В мозге системы переноса мембран играют важную роль в регулировании нейронных функций, таких как морфология нейронов, синаптичная пластичность, выживаемость и глиальные коммуникации. На сегодняшний день в многочисленных исследованиях сообщается, что дефекты в этих системах вызывают различные нейрональные заболевания. Таким образом, понимание механизмов, лежащих в основе динамики везикулы, может дать важные указания, которые могли бы помочь в лечении нескольких нейрональных нарушений. Здесь мы описываем метод количественной оценки везикулярных подвижностей, таких как дистанция подвижности и скорость движения, используя программный плагин для платформы ImageJ. Чтобы получить изображения для количественной оценки, мы пометили нейронные структуры эндосомно-лизосомы с EGFP-меченными везикулярными маркерными белками и наблюдали движение везикул с помощью микроскопии с интервалом времени. Этот метод очень полезен и упрощает измерение подвижности везикул в нейритах, таких как аксоны и дендриты, а также в соме как нейронов, так и глиальных клеток. FurthermoRe, этот метод может быть применен к другим клеточным линиям, таким как фибробласты и эндотелиальные клетки. Такой подход мог бы стать ценным прогрессом в нашем понимании переноса мембран.

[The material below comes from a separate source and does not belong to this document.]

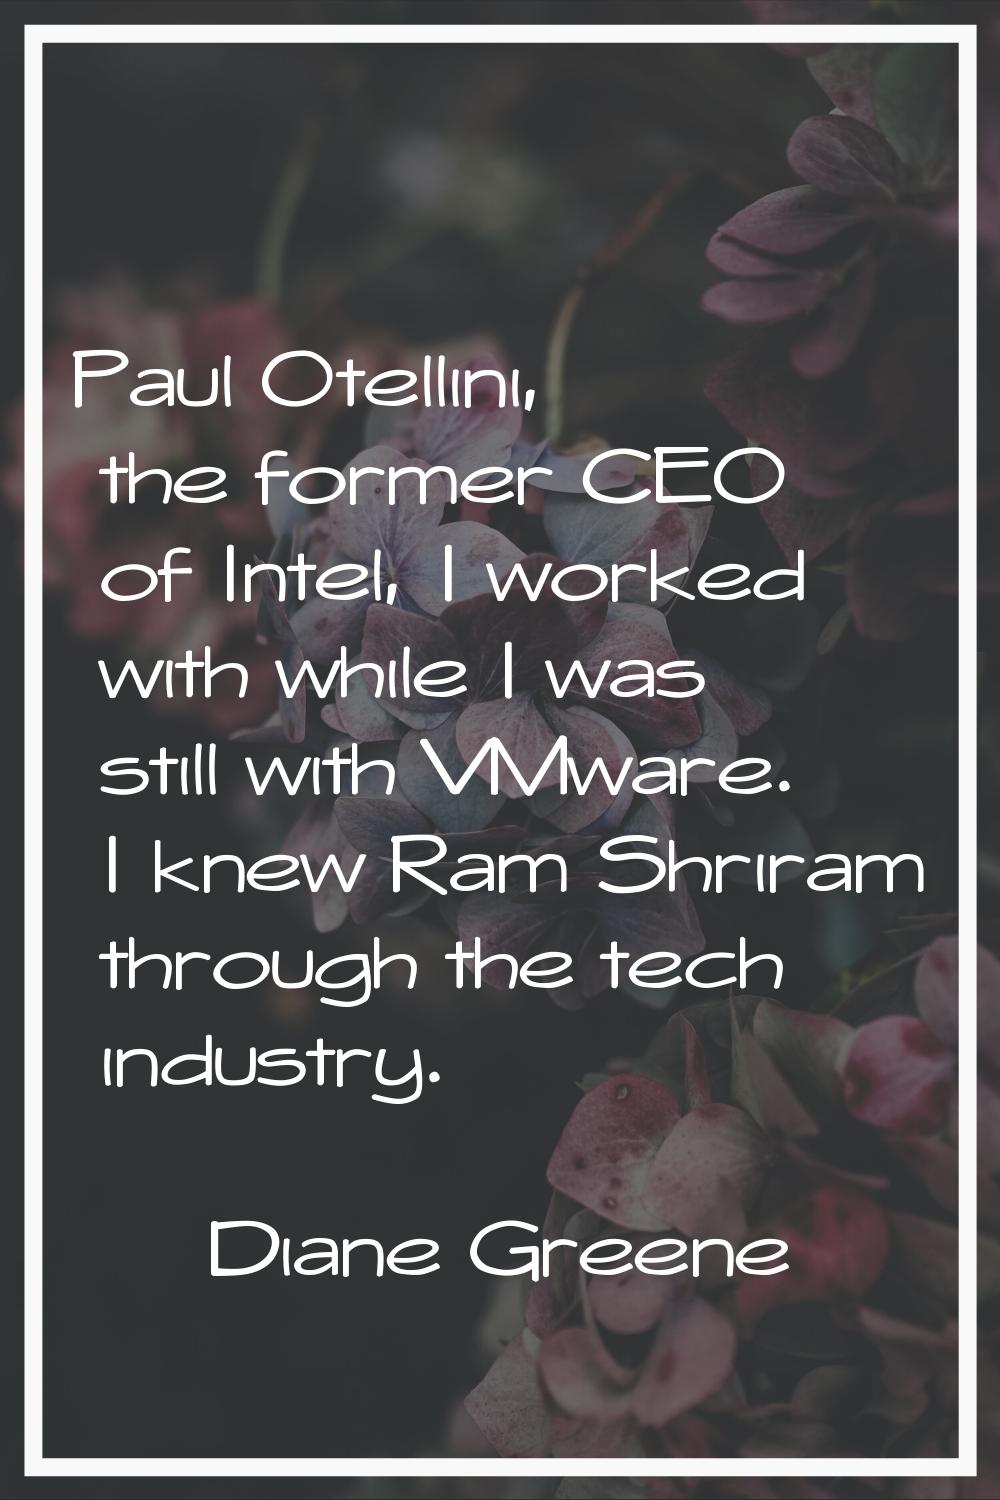 Paul Otellini, the former CEO of Intel, I worked with while I was still with VMware. I knew Ram Shr

Точный контроль за оборотом эндосомных лизосом необходим для регуляции функции нейронов. Примечательно, что динамические движения этих везикул являются ключевым фактором, регулирующим морфологию, развитие и выживаемость нейронов. Дефекты в этой системе вызывают тяжелые нейрональные нарушения 1 , 2 . Молекулярные механизмы, связывающие перенос везикул с заболеваниями нейронов, считаются сложными, и несколько групп пытались изучить эту актуальность. Например, сообщалось, что нарушенная подвижность концевых эндосом значительно связана с болезнью Ниманна-Пика С 3 , наследственным нейродегенеративным расстройством, вызванным дефектами лизосомы. Другим примером является мутация в лизосомальном канале Ca 2+ , trpml 1, который нарушает лизосомальную подвижность, приводя к лизосомальным заболеваниям 4 , 5 , </Sup> 6 . Наша группа сообщила, что дисрегуляция оборота PtdIns (3,5) P 2 подавляет эндосому и подвижность лизосом в нейронах, что приводит к увеличению уязвимости к стрессовому ответу 7,8 . Метаболическая регуляция PtdIns (3,5) P 2 , которая главным образом локализуется на поздних эндосомах и лизосомах, играет важную роль в широком спектре клеточных функций, включая торможение пузырьков и процессы деления слиянием-делением 9 , 10 . Так как нарушение PtdIns (3,5) P 2 вызывает тяжелую нейродегенерацию 11 , 12 , аберрантная регуляция подвижности эндосом-лизосом может быть ключевым фактором для понимания патогенеза нейродегенерации. Исследование молекулярных механизмов, лежащих в основе везикулярной подвижности, может, таким образом, давать многообещающие подсказки, которые могут углубить наше undeВыявление нескольких нейрональных нарушений.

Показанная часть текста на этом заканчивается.